• _BRIEF_:
Omit every picture and write out the rest of the records exactly.

(Data items)
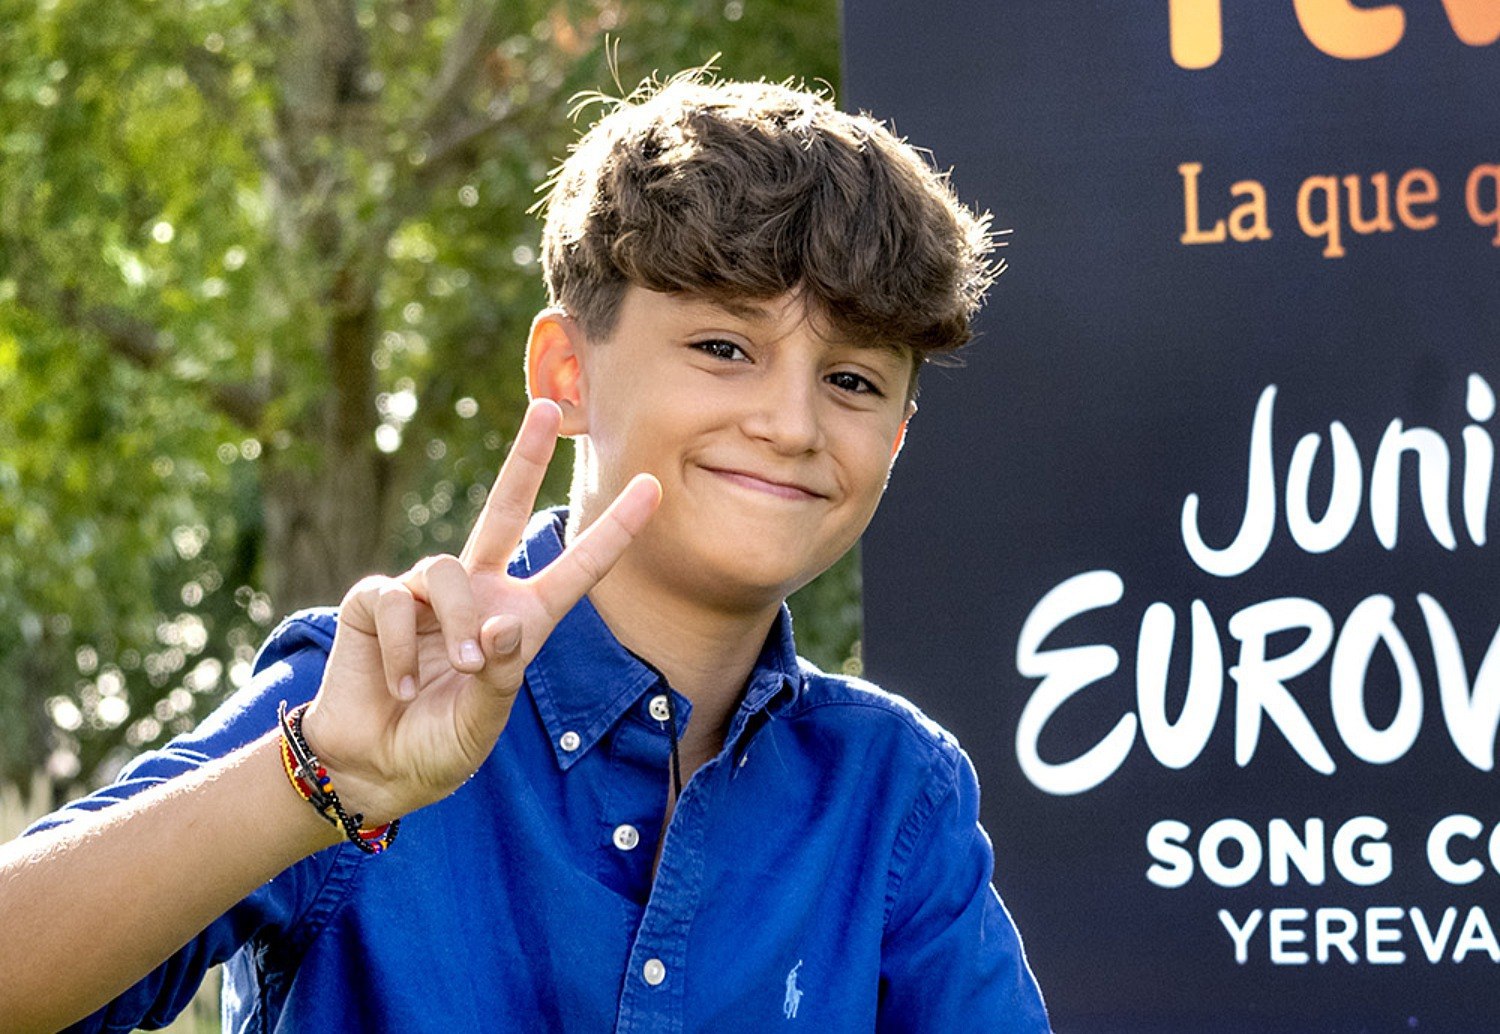 El valenciano Carlos Higes, representante español en Eurovisión Junior 2022
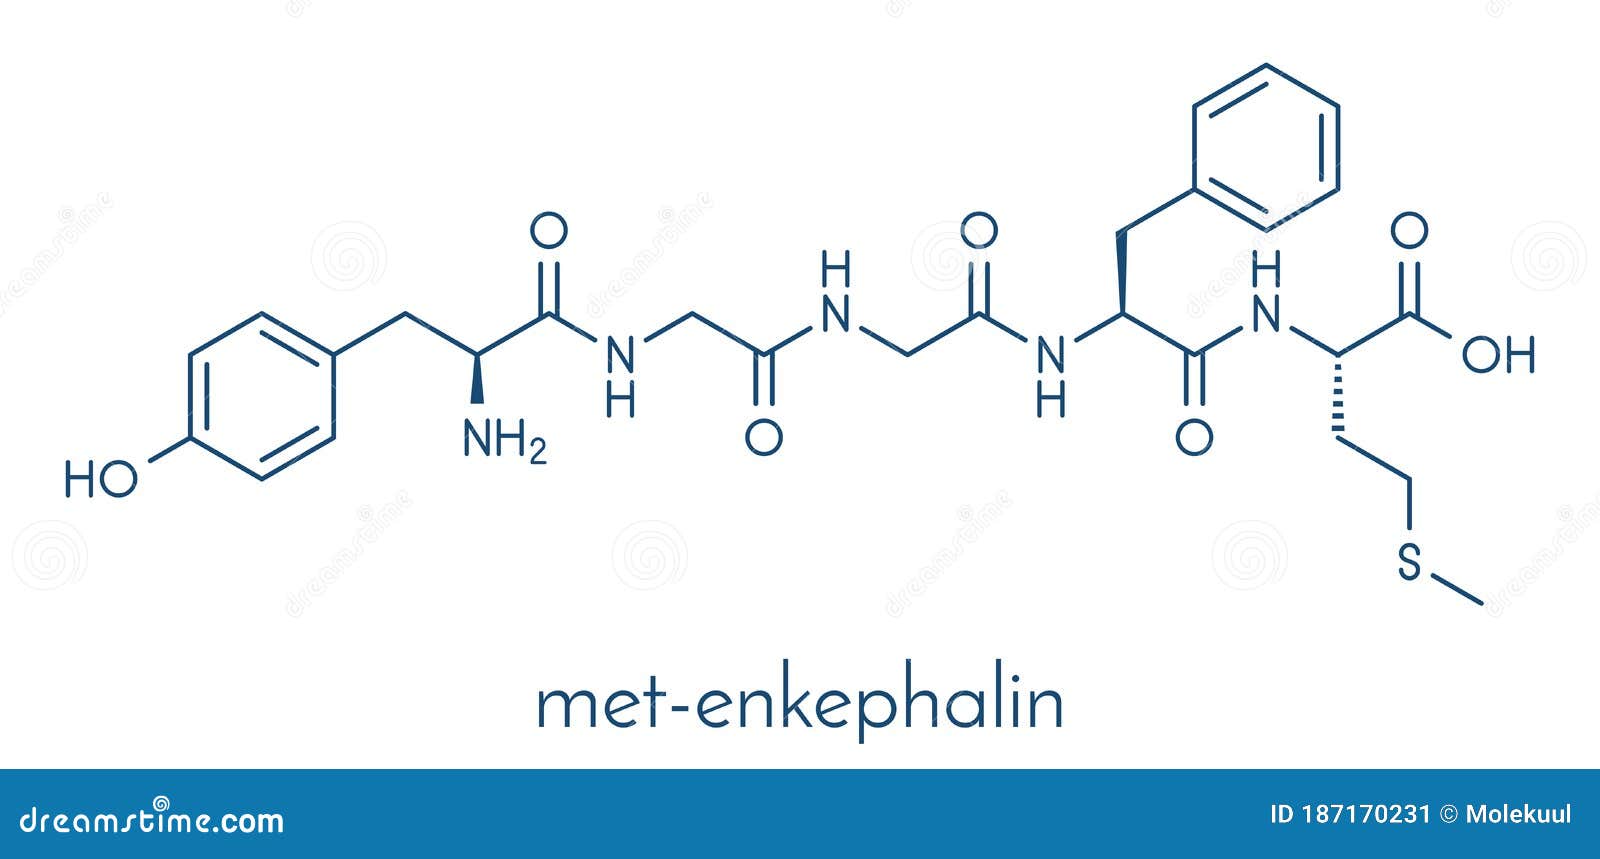 met-enkephalin endogenous opioid peptide molecule. skeletal formula.
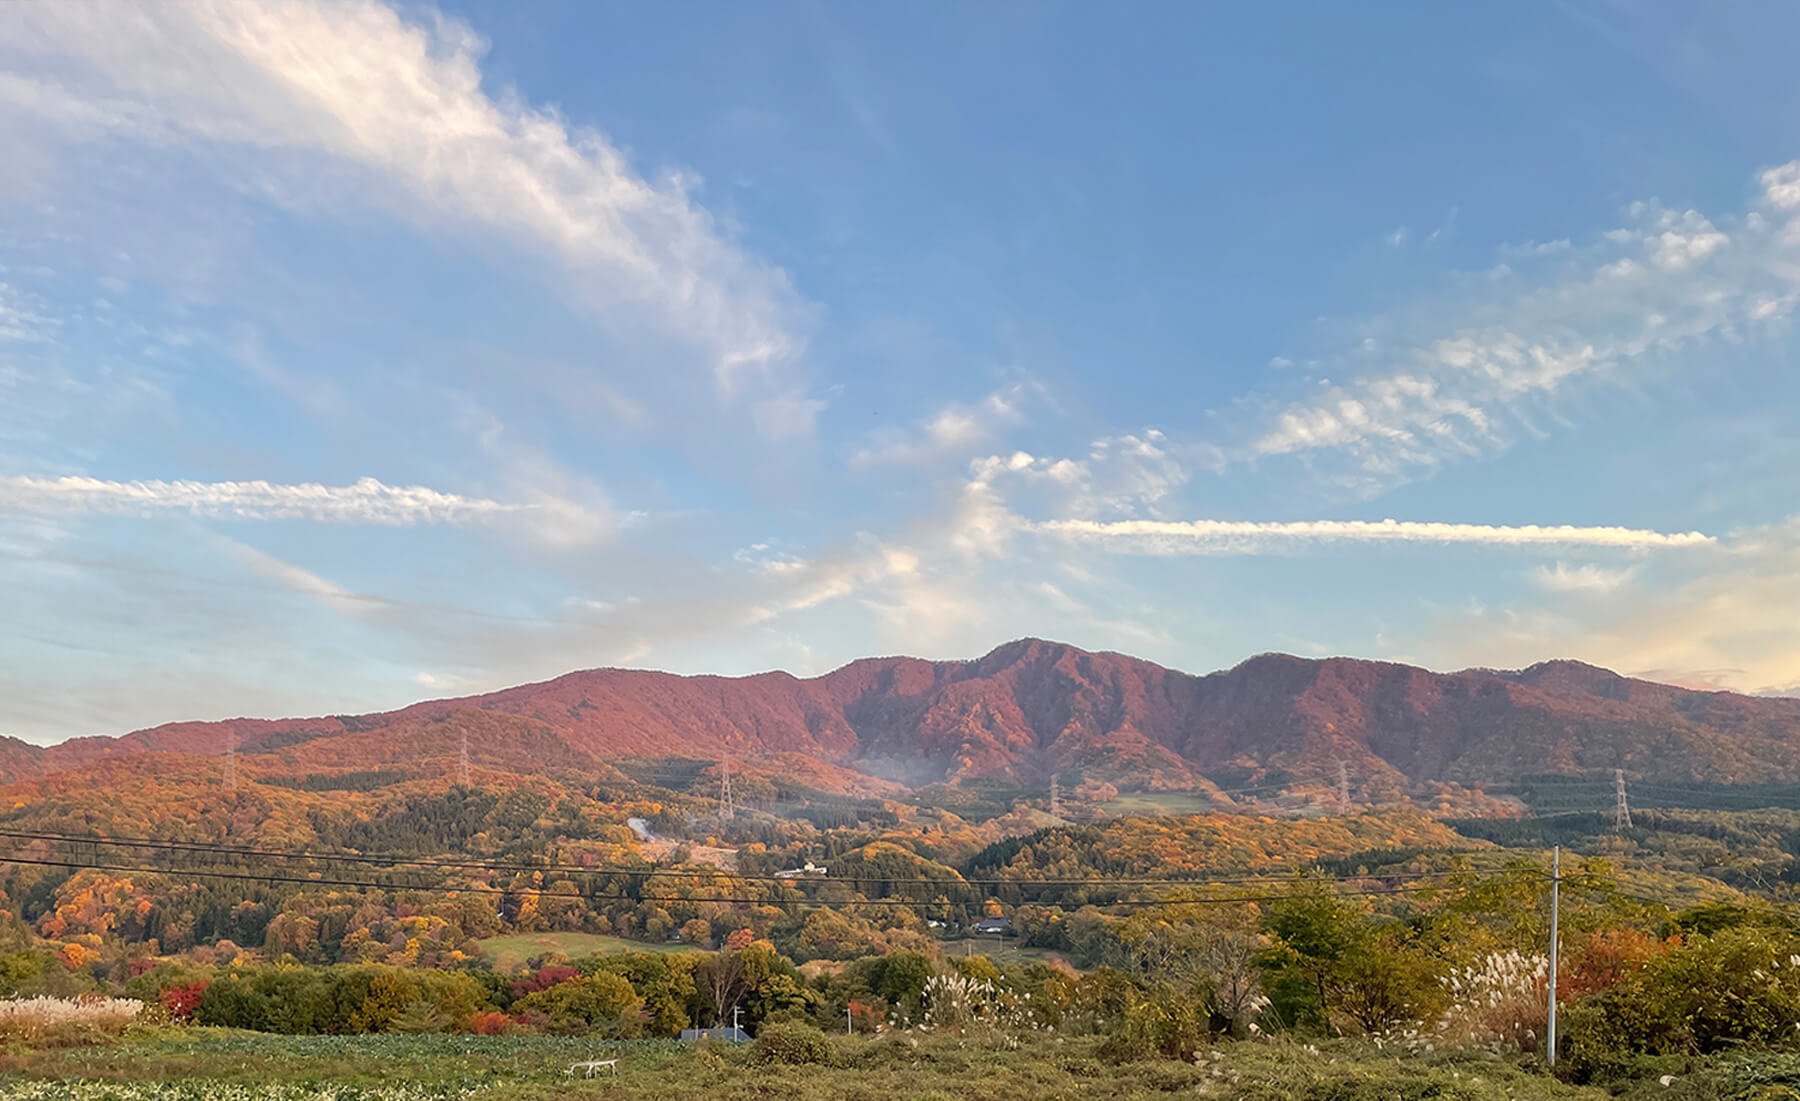 山形市の秋の風景 紅葉が綺麗な山々
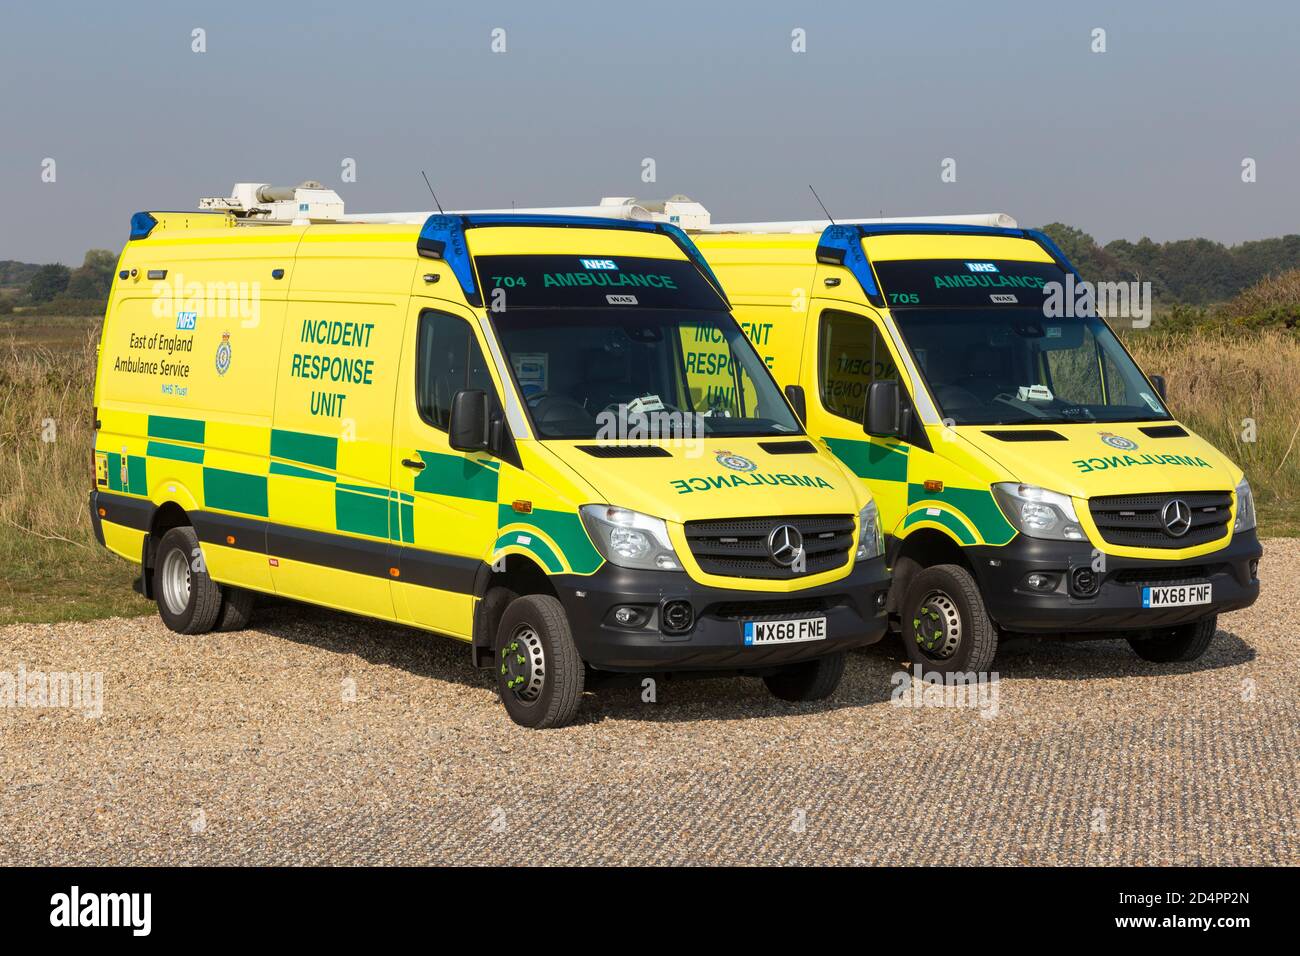 Incidence response unit ambulance. Stock Photo
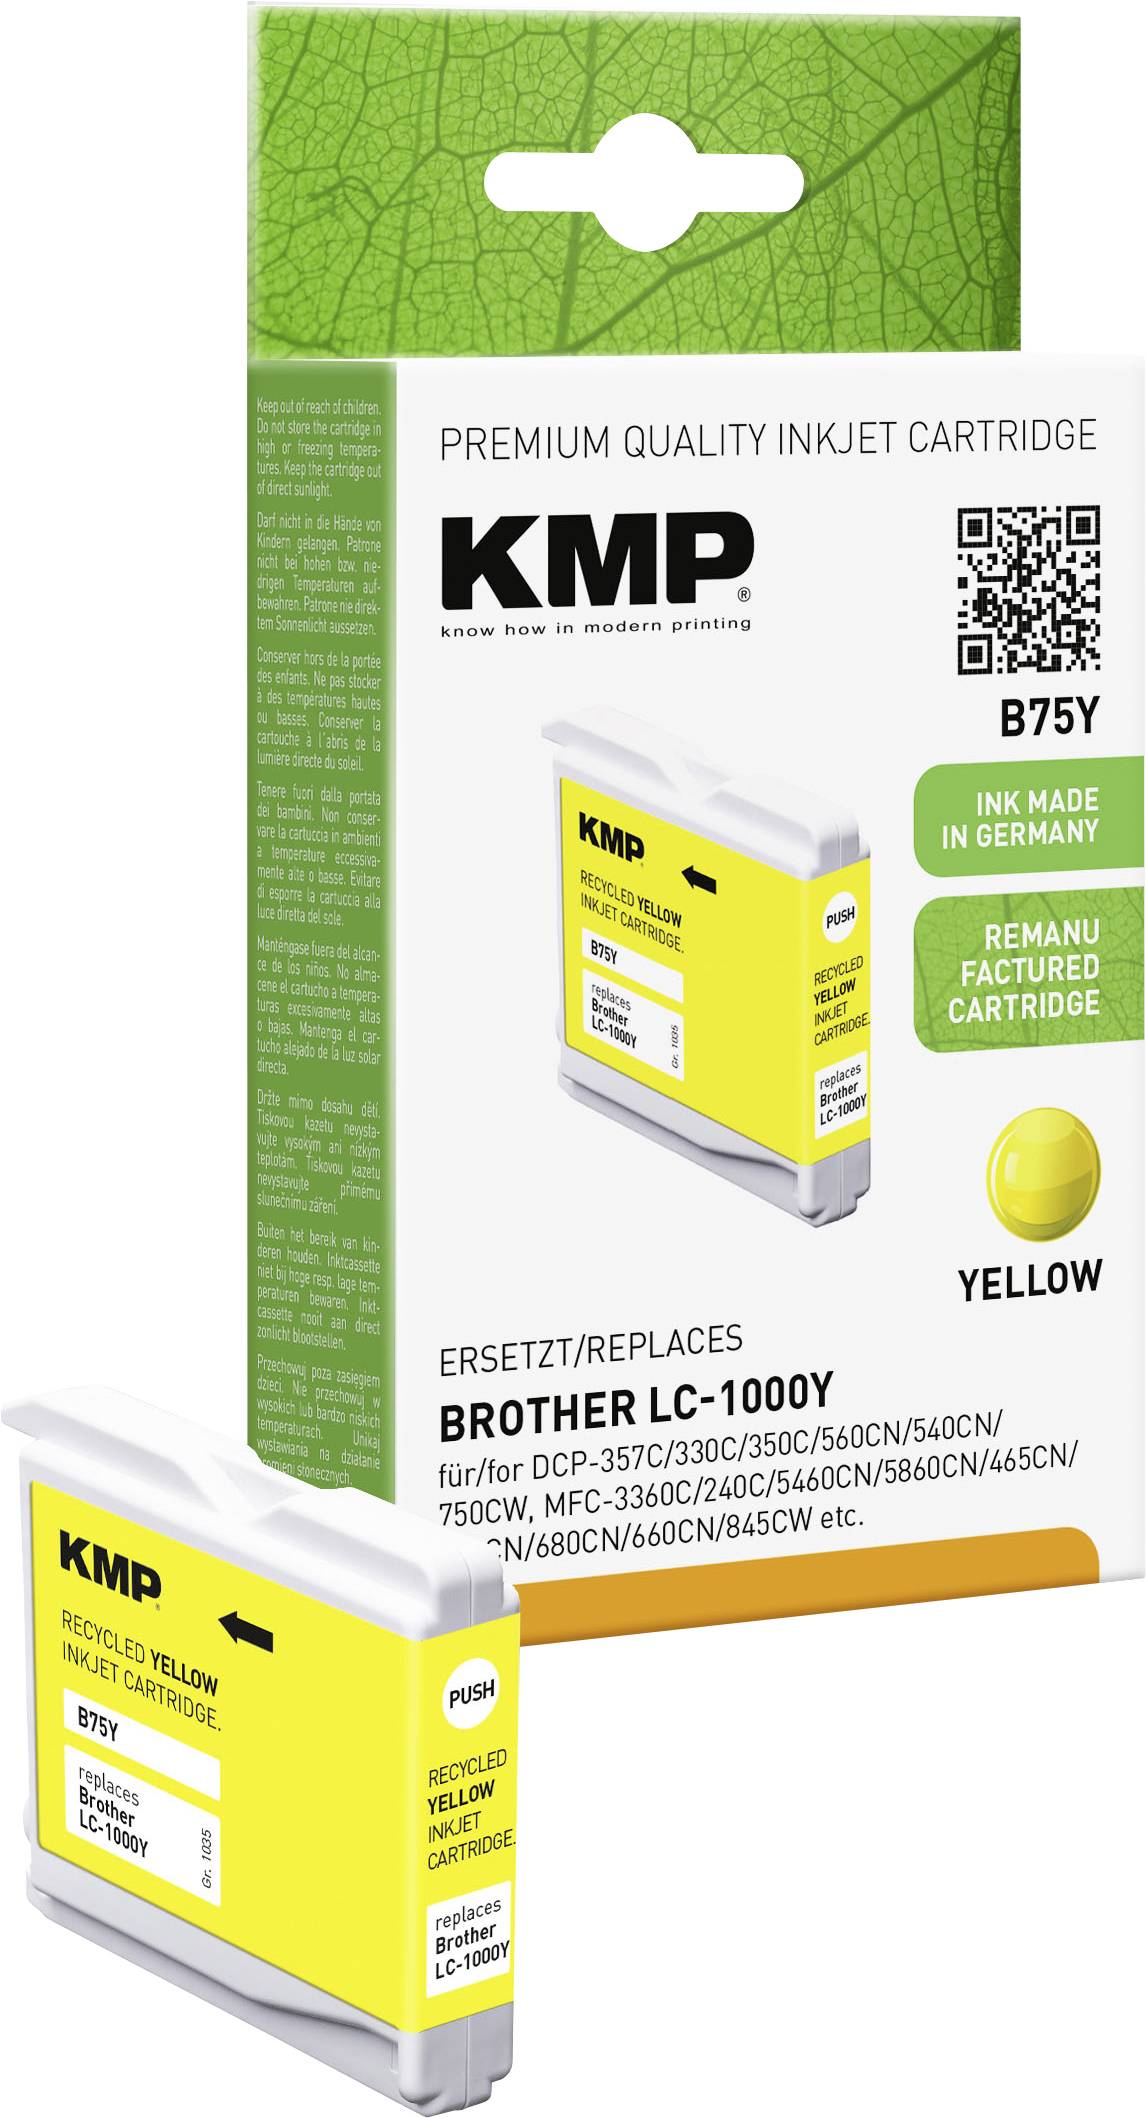 KMP Brother DCP-357C/330C/350C/560CN/540CN/750CW, MFC-3360C/240C/5460CN/5860CN/465CN/440CN/680CN/660

• _SOLVED EXERCISE_:
 El valenciano Carlos Higes, representante español en Eurovisión Junior 2022
 met-enkephalin endogenous opioid peptide molecule. skeletal formula.
 山形市の秋の風景 紅葉が綺麗な山々
 Incidence response unit ambulance. Stock Photo
 KMP Brother DCP-357C/330C/350C/560CN/540CN/750CW, MFC-3360C/240C/5460CN/5860CN/465CN/440CN/680CN/660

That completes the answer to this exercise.